In evaluating the prior findings of a possible cannabis–immunotherapy interaction [8,9], it is important to be cognizant that there were higher rates of lung, laryngeal, esophageal, pancreatic, urinary, stomach, hepatic, colorectal, renal, bone marrow, and cervical cancers in patients who smoked [12]. Smoking tobacco introduces the human body to a complex interplay between thousands of chemical constituents, including dozens of known carcinogens [28,29]. The dangers of this chemical cocktail are well documented, as 40% of new cancer diagnoses are attributed to cigarette smoking [30]. Furthermore, smoking not only increases the relative risk of developing certain cancers, but it has also been associated with poor treatment outcomes [31]. A retrospective review of 439 patients with non-small cell lung cancer found heavy smoking to be associated with poorer overall survival (hazard ratio (HR) = 1.4). This relationship existed regardless of cancer staging [32]. Reported relationships between smoking and melanoma are inconsistent, with some reports demonstrating a paradoxical decreased risk of melanoma in smokers [33,34,35]. Despite this, a cohort study of 6279 patients with stage 1 or stage 2 melanoma reported a greater risk of melanoma-associated death in current smokers (HR = 1.5) [36]. A meta-analysis including 1326 cases of renal cell cancer (RCC) from cohort studies and 6032 cases of RCC from case–control studies reported a relative risk of 1.4 for the development of RCC in ever-smokers [37]. Furthermore, a systematic review and meta-analysis including 343,993 cases of RCC reported that current smoking was associated with increased disease-specific mortality (HR = 1.5) and worsened progression-free survival (HR = 2.9) [38].

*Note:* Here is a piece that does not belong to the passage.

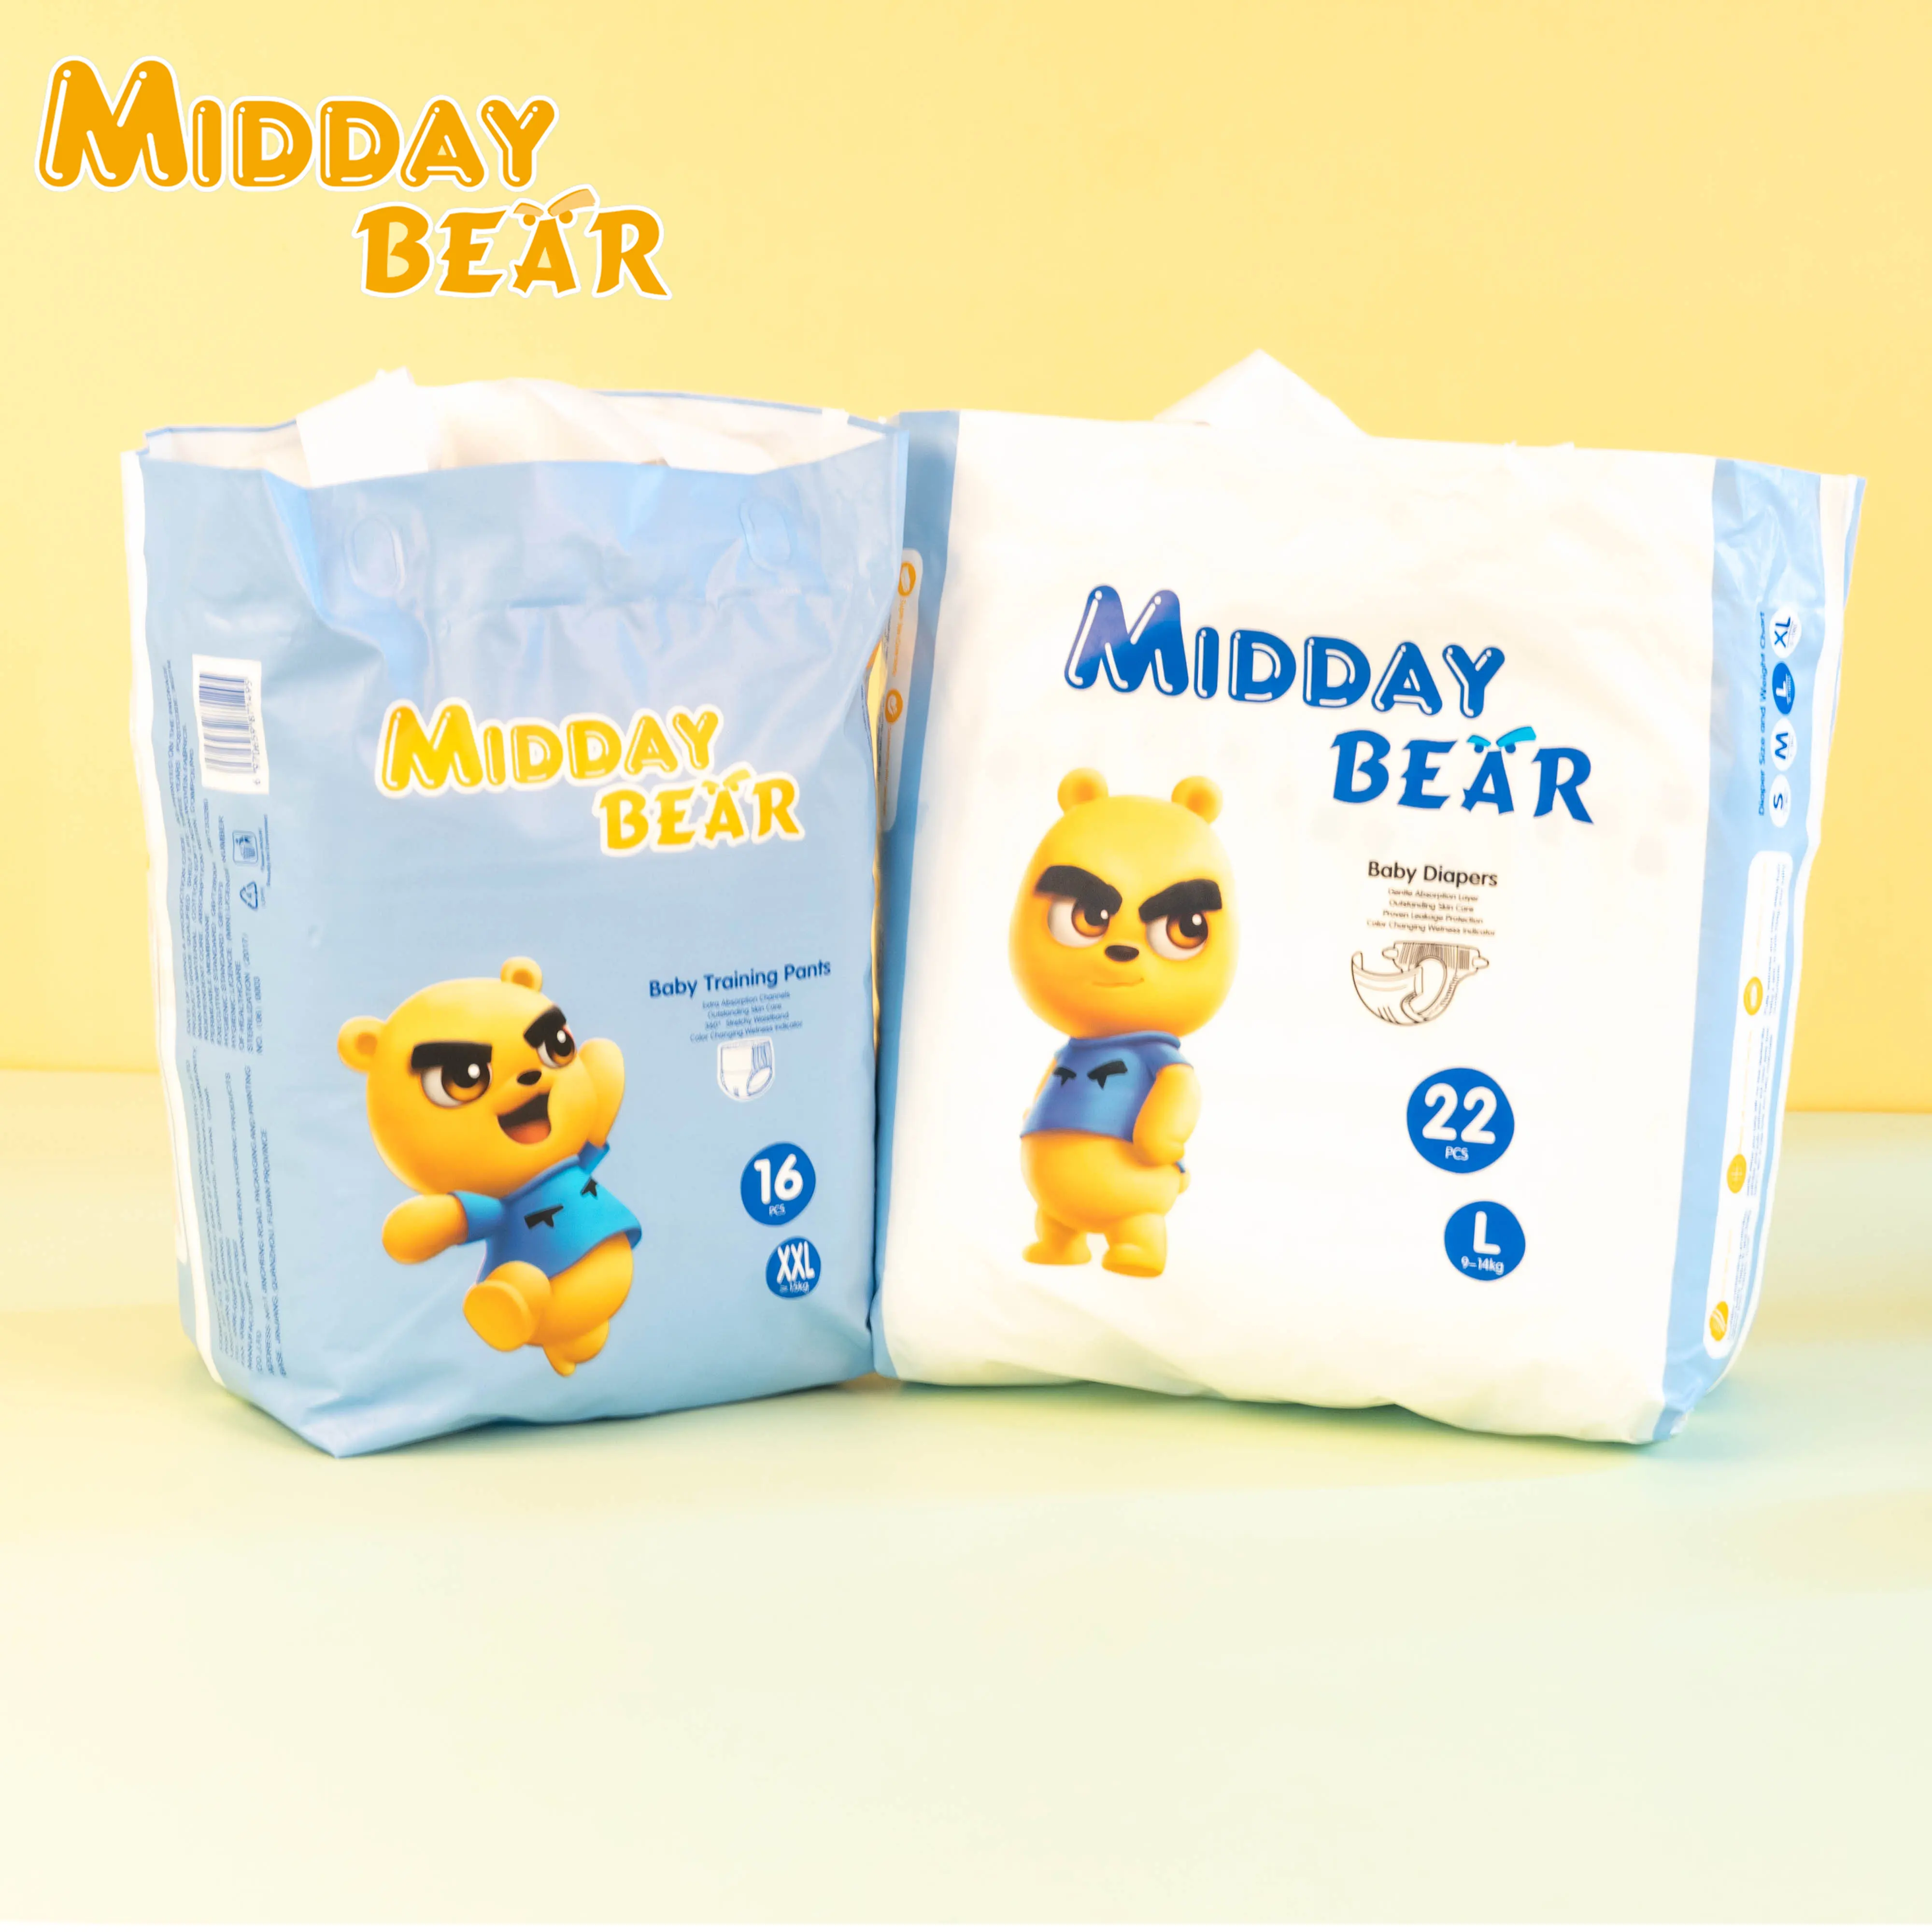 Midday Bear fábrica de pañales sofás dipers cuidado suave pañales coreanos para bebés daipers

Although there were many differences between our findings are those reported earlier [8,9], we are not suggesting that anyone has engaged in anything nefarious. We commend the earlier reports [8,9] for addressing a timely and important topic. However, it may also be valuable to prevent situations like this in the future. If the authors are going to engage in an atypical practice (e.g., floor rounding [14]), it would be beneficial to briefly document this in the methods section. It is also possible that floor rounding was employed for reporting the p-values. About one-third of leading biomedical journals have reported rarely or never using specialized statistical reviews [39]. As the statistical analysis section contained “A series of χ2 tests or Fisher’s exact tests (when the assumptions of the parametric χ2 test (sic) were not met)” [9], if there was a statistical reviewer, this person may not have been reading carefully. Emails to the editors asking whether these manuscripts [8,9] received a statistical review did not receive an affirmative response. Further, it would be well beyond standard practice to expect a reviewer (often a volunteer) to re-run all the analyses. In psychology, it is common to list the test statistic, the degrees of freedom, and the p-value. An analysis of a quarter million psychology papers revealed that half contained inconsistencies where the reported test statistic and p-value did not correspond. Further, one-seventh of papers included gross inconsistences defined as “the reported p-value was significant and the computed p-value was not, or vice versa” [40]. Some experimental psychology journals use software to identify statistical irregularities [41]. We are not aware of any biomedical journals which are employing similar software to assess percentage calculations, including rounding errors or non-parametric analyses.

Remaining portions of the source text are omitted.